При подготовке к опубликованию повести «Жестокие глаголы», до того долго, около пяти лет глухо пролежавшей в редакционном портфеле и наконец, также и с моим содействием, напечатанной («Подъем», 1980, № 3), мне поначалу казалось, что она не имеет заключительной точки. Слишком резко оборвана. Впрочем, резко — по-прасоловски. Но при повторном чтении стало ясно: повесть имеет и логический, и художественный конец.

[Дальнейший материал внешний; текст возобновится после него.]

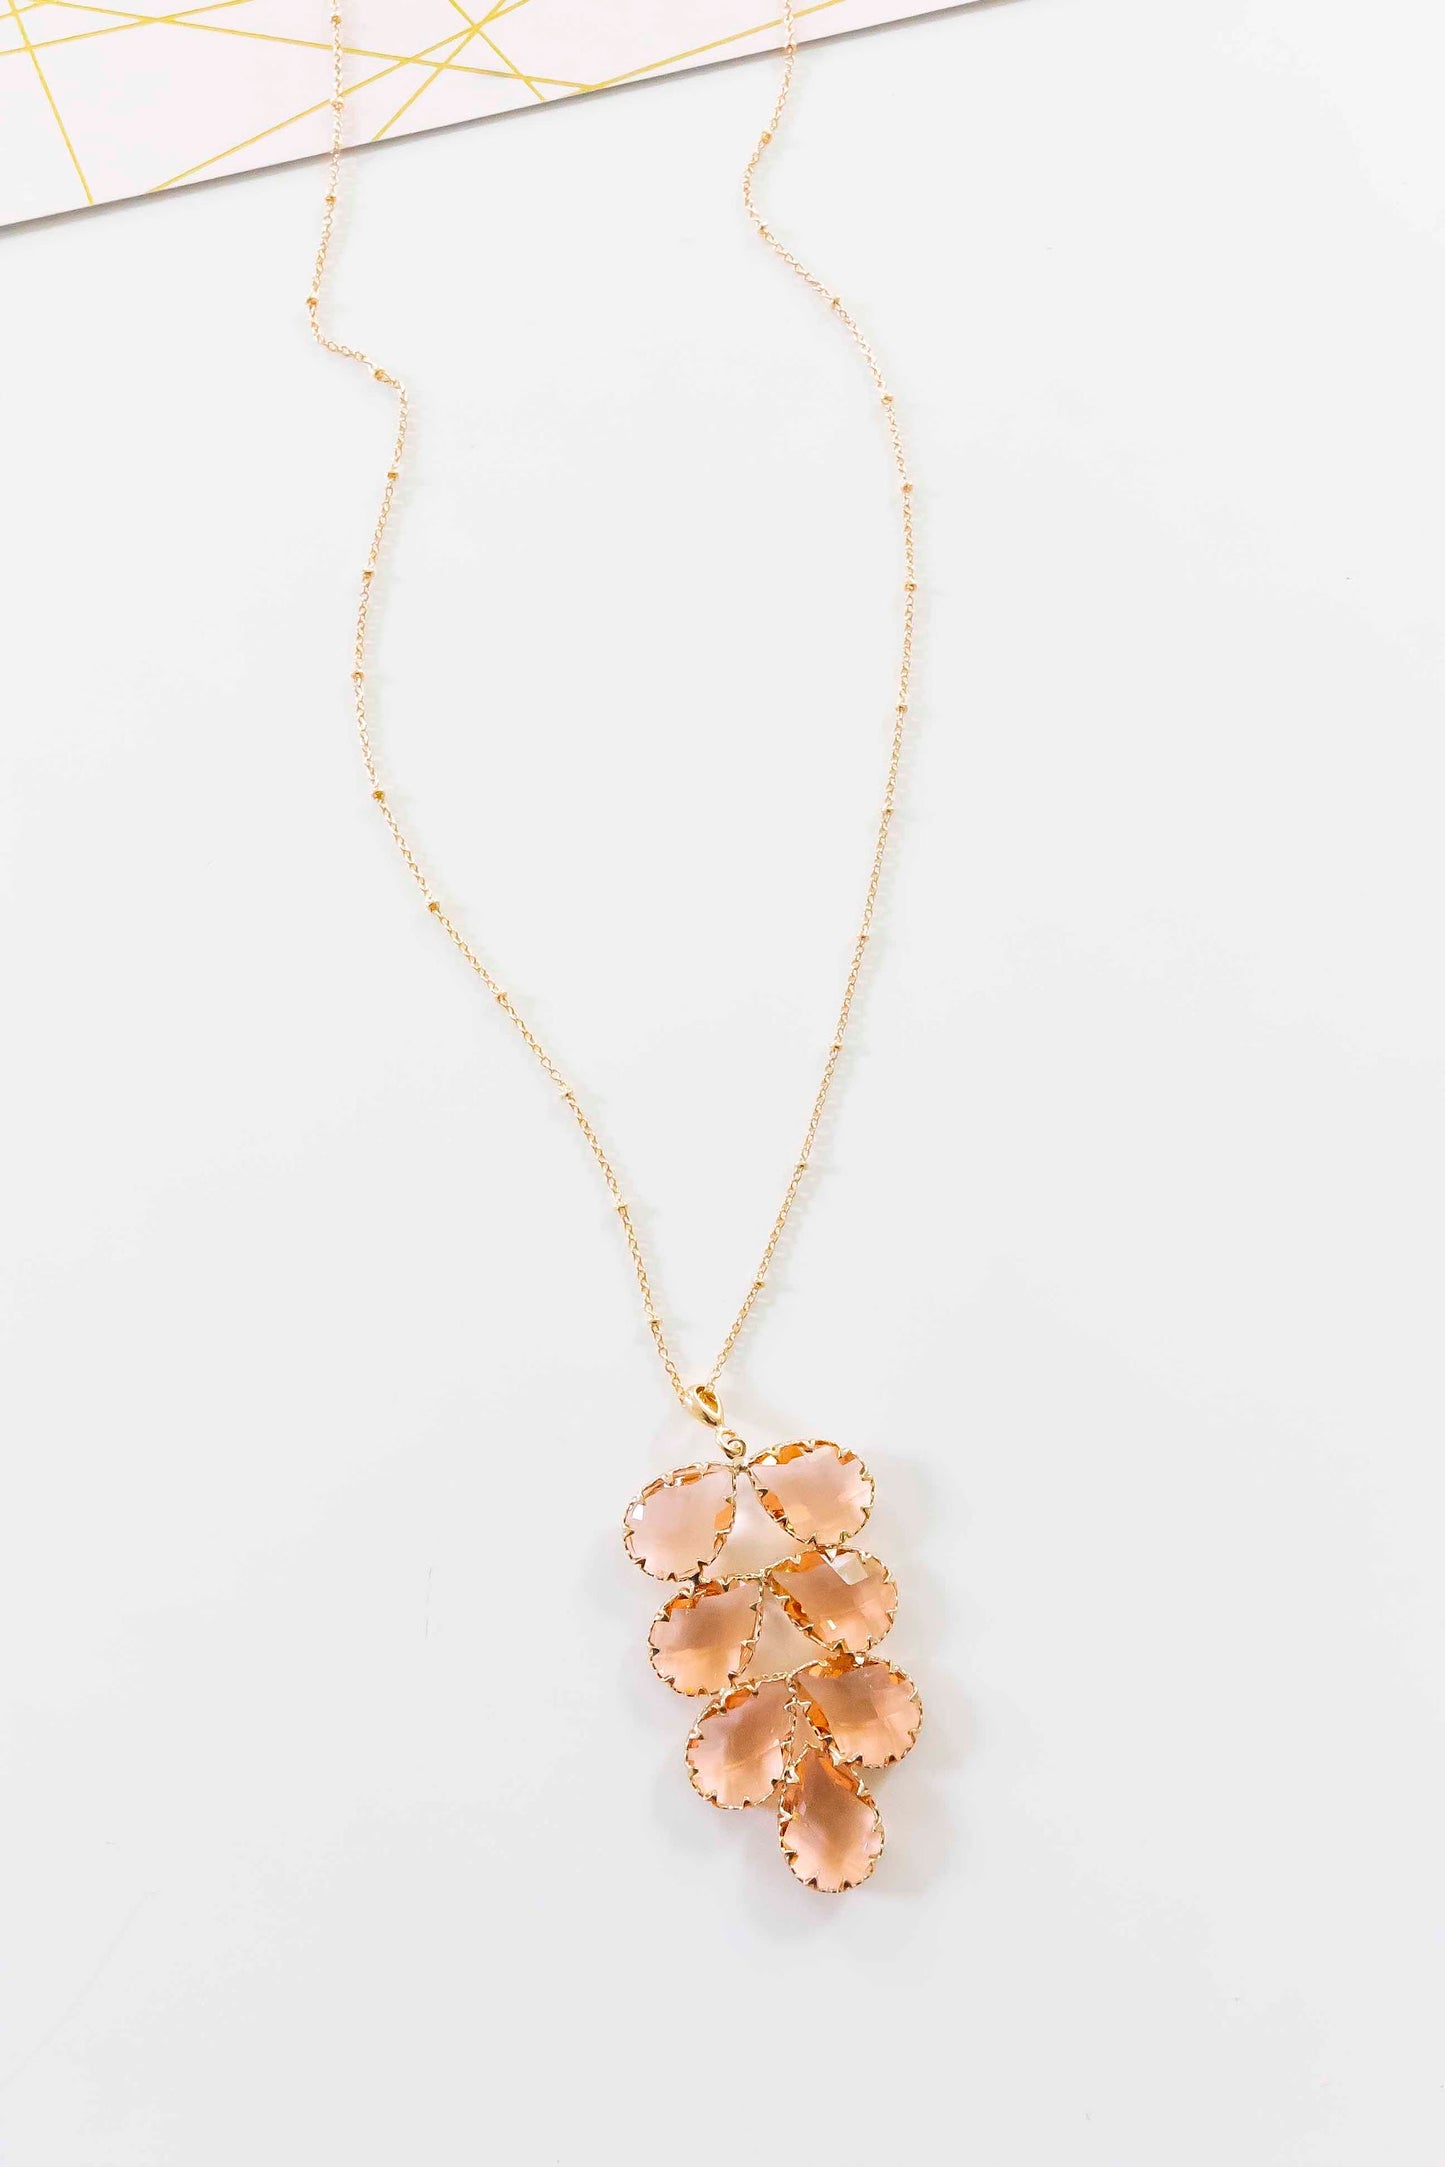 Zaney Blush Crystal Necklace | Long Pink Gemstone Necklace | Teardrop Crystal Fern Pendant | Romantic Feminine Accessories

Что можно было дальше сказать, и, главное, следовало ли дальше продолжать после столь лаконичного, но таящего бесконечность абзаца о небе?

Говорить о нашем наступлении? Но то была бы уже другая повесть. Авторские замысел и воля могли дать и вовсе иное: скажем, повесть разрослась в роман, но об этом остается разве гадать.